At (b), it only reuses the KV cache of first chunk.
At (c), it utilizes KV cache of all the chunks, but they aren’t cross-attended. So the output quality becomes really poor.
At (d), paper proposes new method that reuses KV cache of all the chunks and also applies cross-attention with negligible overhead.
Solution
The main problem is that we should apply cross-attention between prefix chunk’s KV cache. And fully doing cross-attention is just the case (a).
In this paper, it starts with a following idea:
If we want to fuse KV-cache-1 and KV-cache-2, we select few(15%) tokens from chunk-1. Apply cross-attention between selected tokens from chunk-1 and all tokens in chunk-2.
If we could select important tokens from chunk-1, we can apply effective cross-attention that outputs KV cache similar to Full re-compute KV cache.
Choosing important tokens
To answer this question, we have to take a look at case (c).
Case (c) outputs poor quality result because its KV cache has huge gap with case (a)‘s KV cache.
As a result, it doesn’t properly link the meaning between prefix chunks. If you look at attention matrix in figure below, the cross-attention part between prefix chunks are all 0’s.
So the paper came up with the following idea:
We should make the KV-cache similar to full recomputed KV cache. (without fully recomputing)
The term important token means tokens with largest KV deviation. KV deviation means gap between output KV cache and full recomputed KV cache.

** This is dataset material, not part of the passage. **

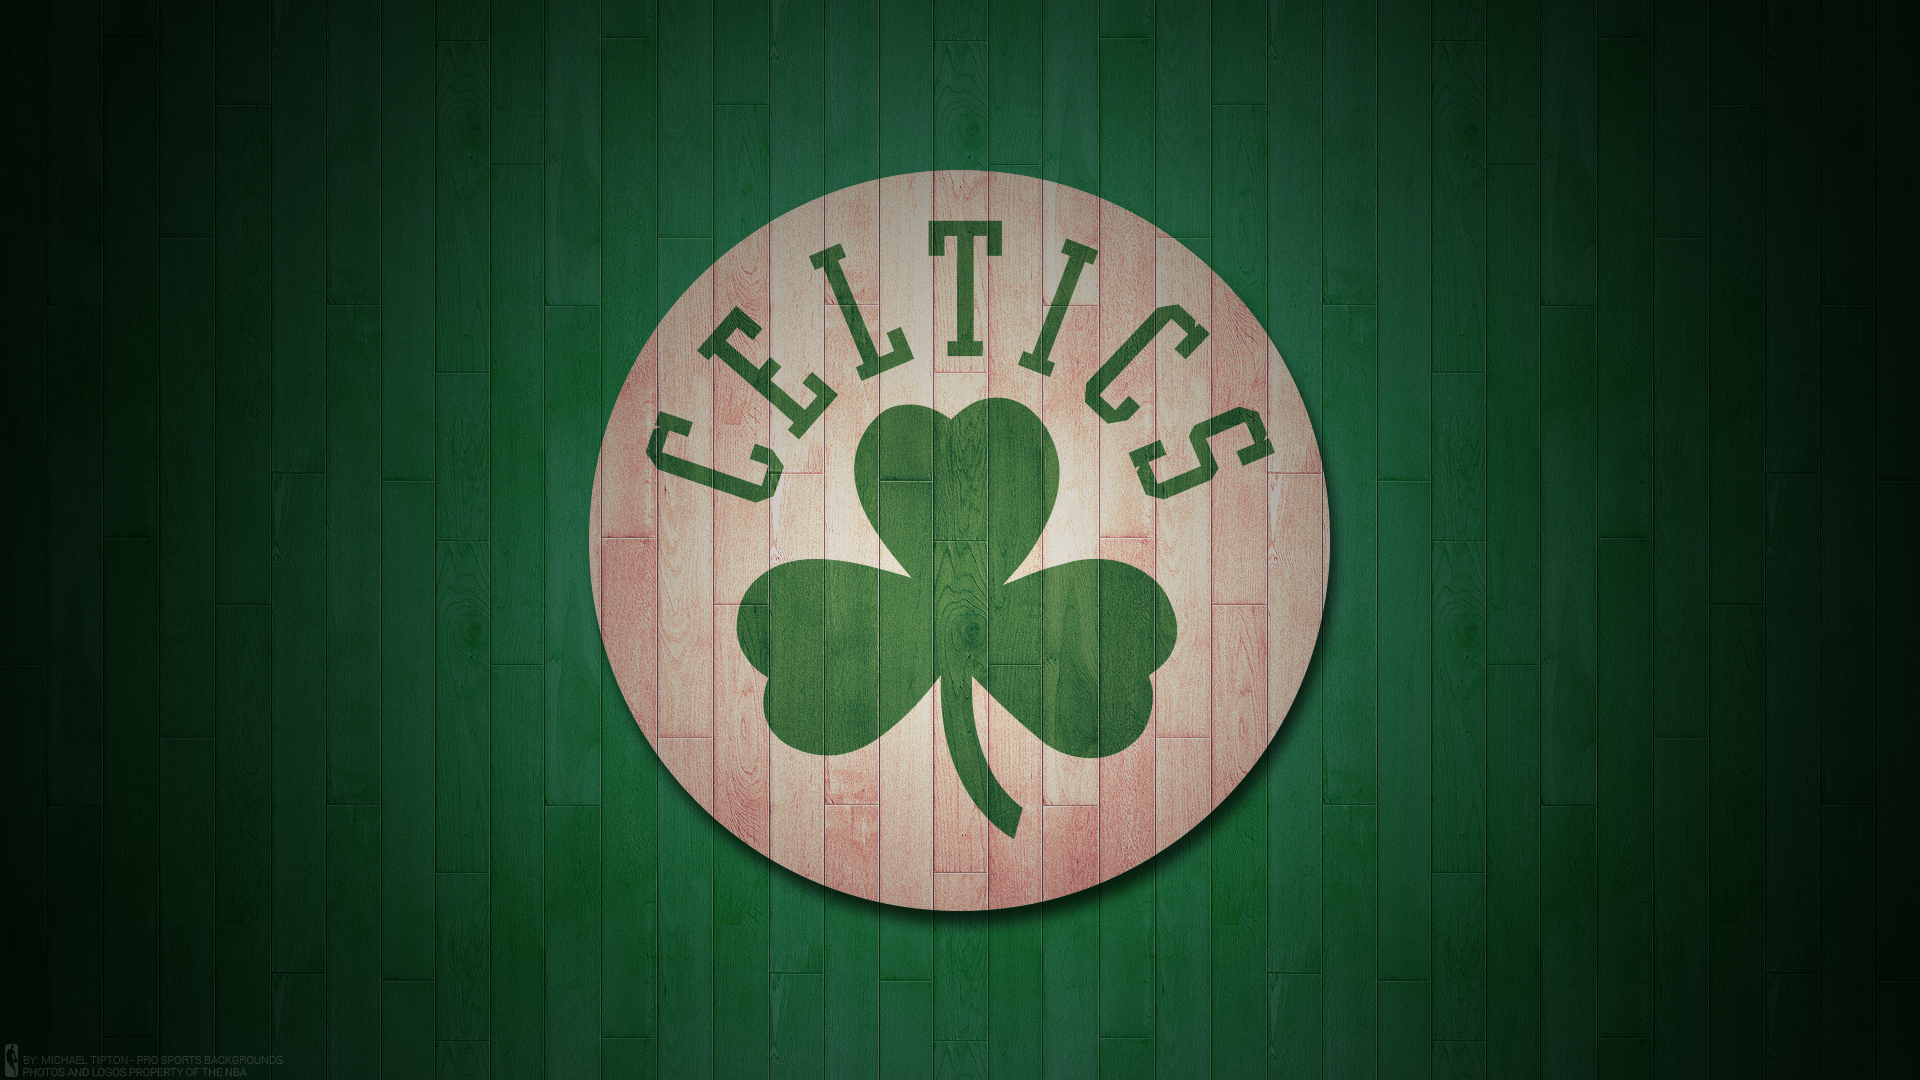 Boston Celtics HD Wallpaper | Background Image | 1920x1080 | ID:981312 - Wallpaper Abyss

Picking tokens that has huge gap between ideal one(full recomputed KV cache), and update via cross-attention will be the solution.
But this doesn’t make sense. To calculate gap between ideal one, we should know the ideal one. Eventually doing full recomputation of KV cache. However, the paper suggests a clever thought:
Tokens with the highest KV deviations on one layer are likely to have the highest KV deviations on the next layer.
As we fuse KV-caches layer by layer, we can measure how much each token’s KV changed at the current layer, and use it as a proxy for the KV deviation at the next layer. Then we can pick the 15% HKVD(Highest KV Deviation) tokens and apply cross-attention.
Pipelining to hide recompute time
As we reuse KV cache, there is a step of loading KV cache to GPU. If we pipeline the KV cache loading and KV cache recompute, then we can hide the recompute time.
The paper suggests selecting 15% of tokens for cross-attention during fusion will hide the recompute time.